The law, Gov. Gavin Newsom signed in September 2019 codified into State law a 2018 California Supreme Court decision handed down in the case of Dynamex Operations West, Inc. v. Superior Court of Los Angeles.

Since AB 5 passed last year, the bill authored by Assemblymember Lorena Gonzales (D-San Diego) has been under fire from several industries in the state — including media, musicians, artists and translators — who did not get exemptions as other professionals like lawyers, dentists, insurance agents and PR copyrighters did.

Bates says she introduced SB 867 and SB 868 to help newspapers and freelance journalists continue to operate in California by exempting them from the state’s new anti-independent contracting law, AB 5.

“Assembly Bill 5 took a sledgehammer approach to an employment problem that required a scalpel, which consequently hammered many Californians who truly wish to remain their own bosses,” Bates said. “The Legislature can begin to fix some of AB 5’s flaws by helping California’s newspapers and journalists continue to operate normally as they have in our state.
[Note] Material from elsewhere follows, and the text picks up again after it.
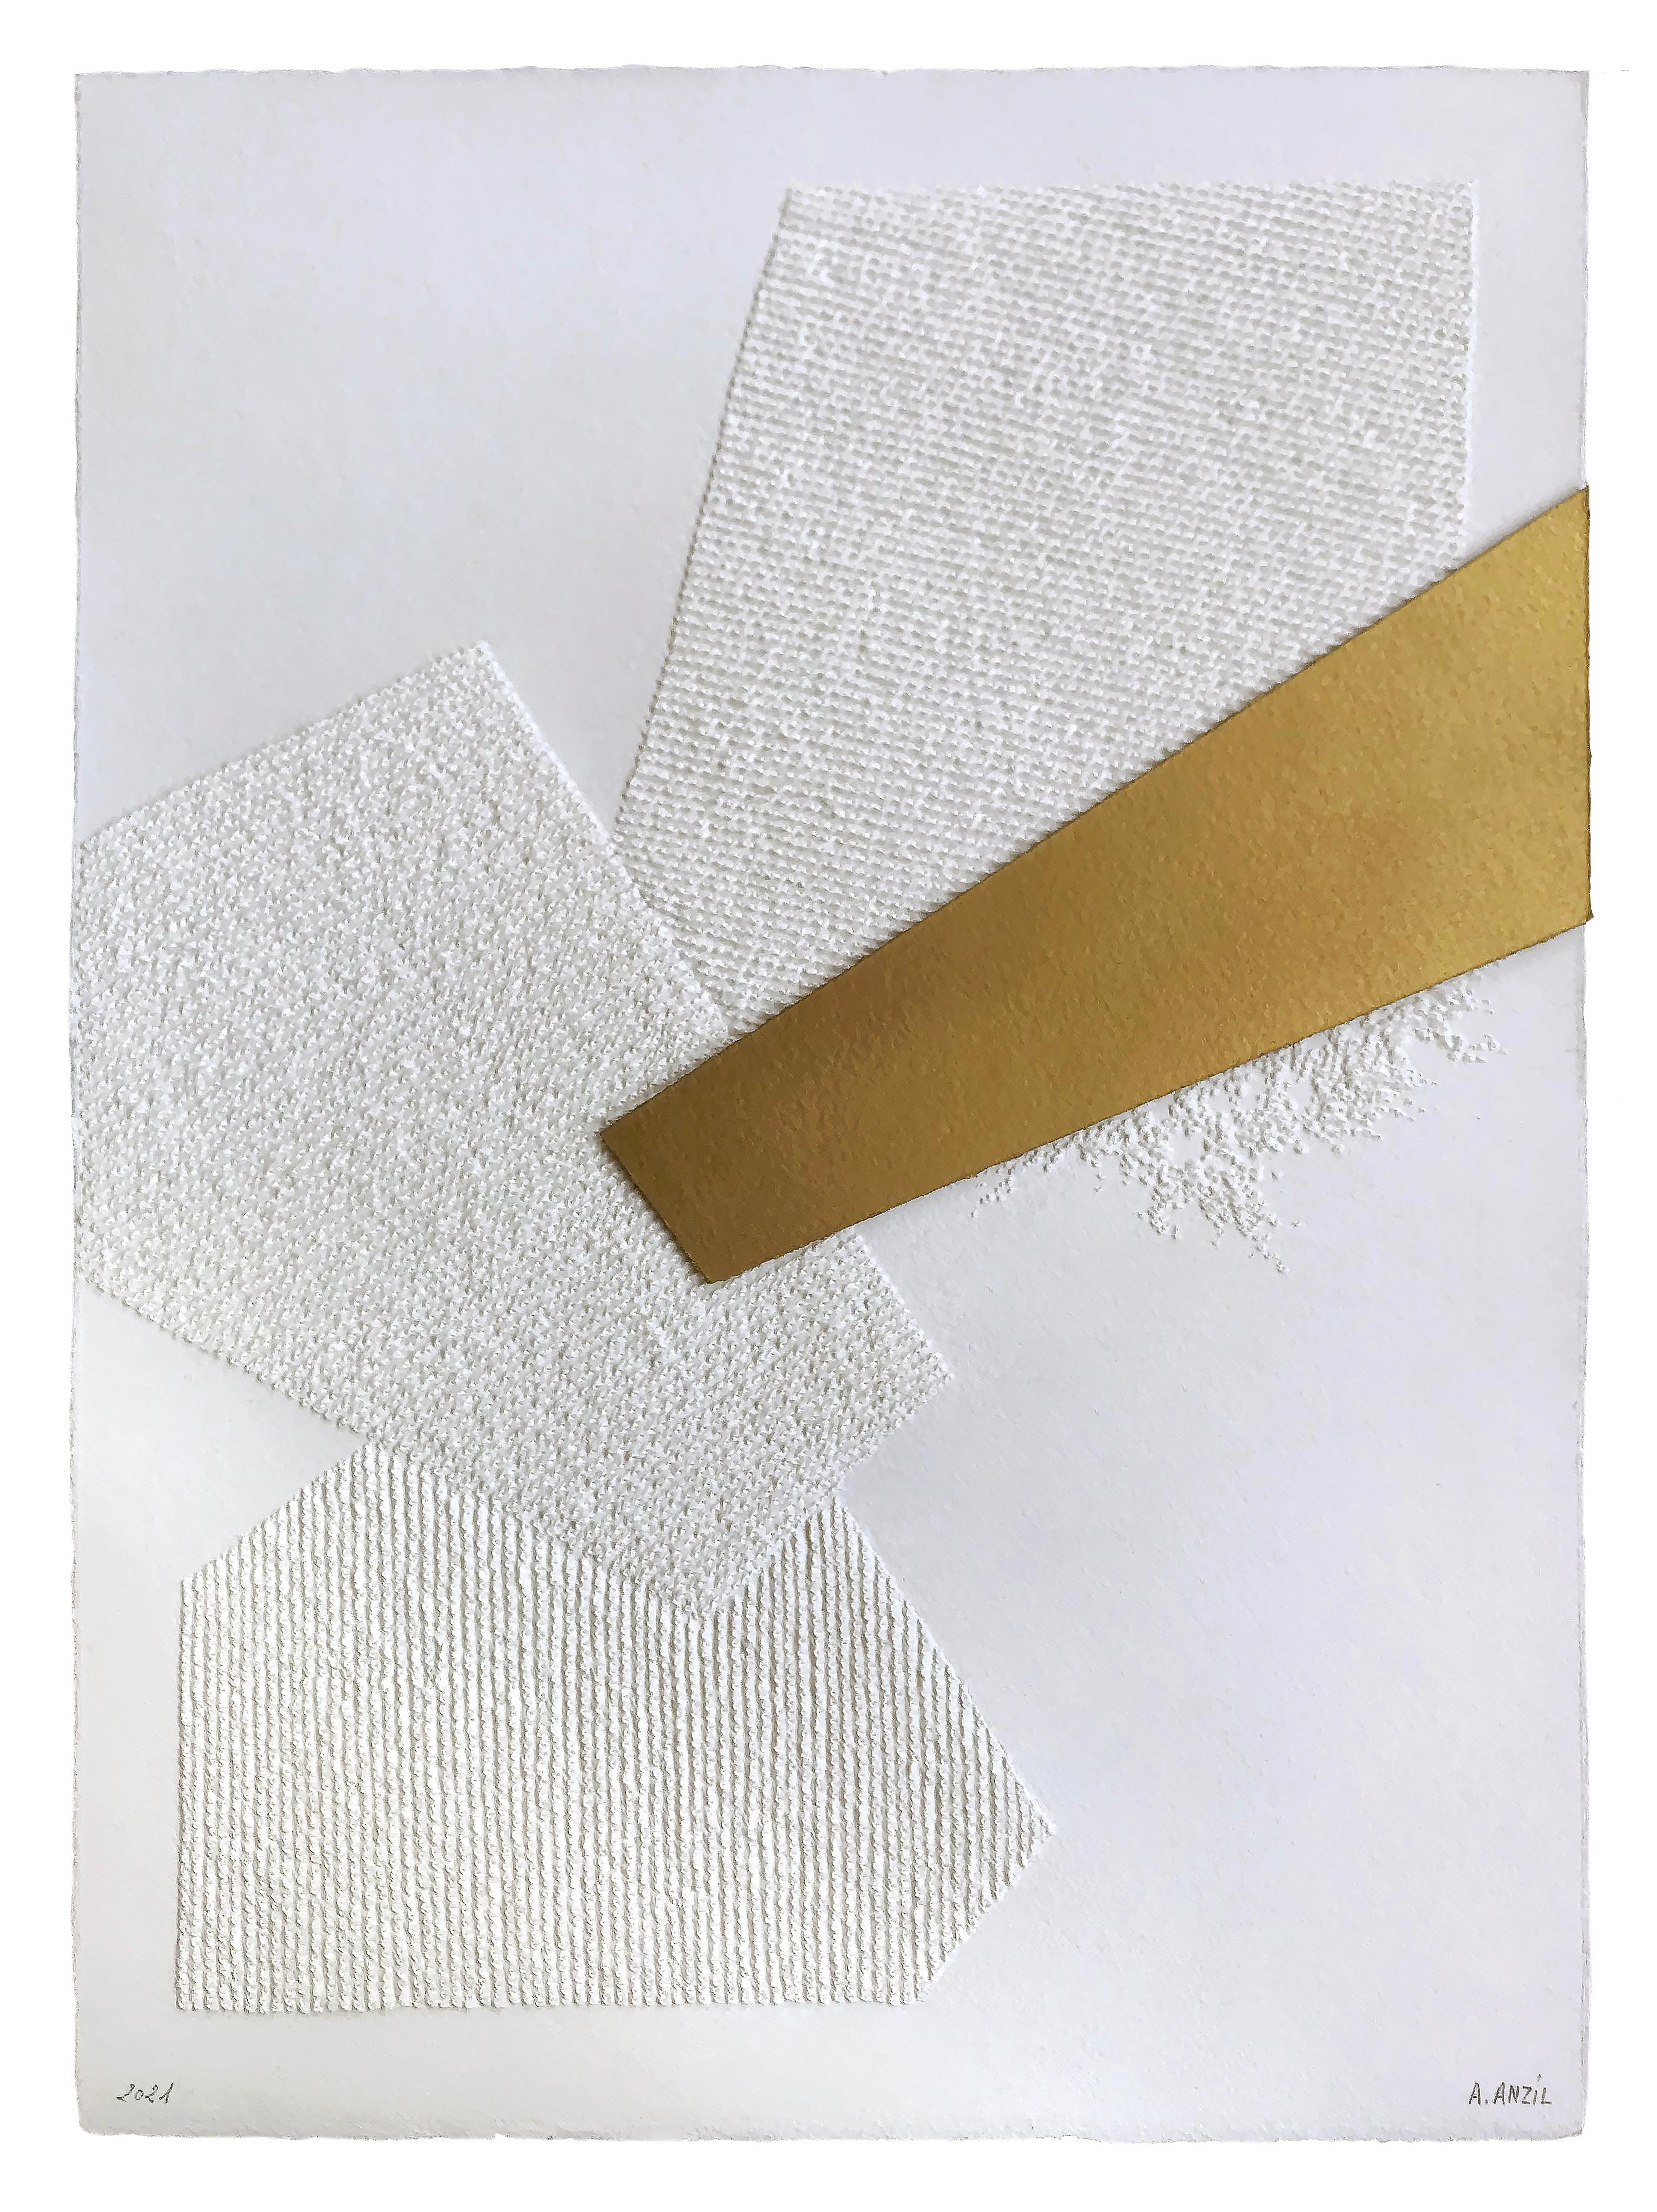 Locus 2 dessins géométriques abstraits en or blanc complexes en 3D et collages sur papier

SB 867 would permanently exempt newspaper distributors and carriers from AB 5. While existing law exempts newspaper distributors from AB 5’s requirements for one year, it is not a long-term solution, Bates wrote in the bill.

SB 868 would exempt freelance journalists from AB 5, which Bates said has severely cut into the incomes of freelancers that contract with various media outlets. Under current law, AB 5 limits freelance journalists to just 35 stories a year if they wish to remain an independent contractor.

“It has led to many people losing income opportunities,” Bates stated.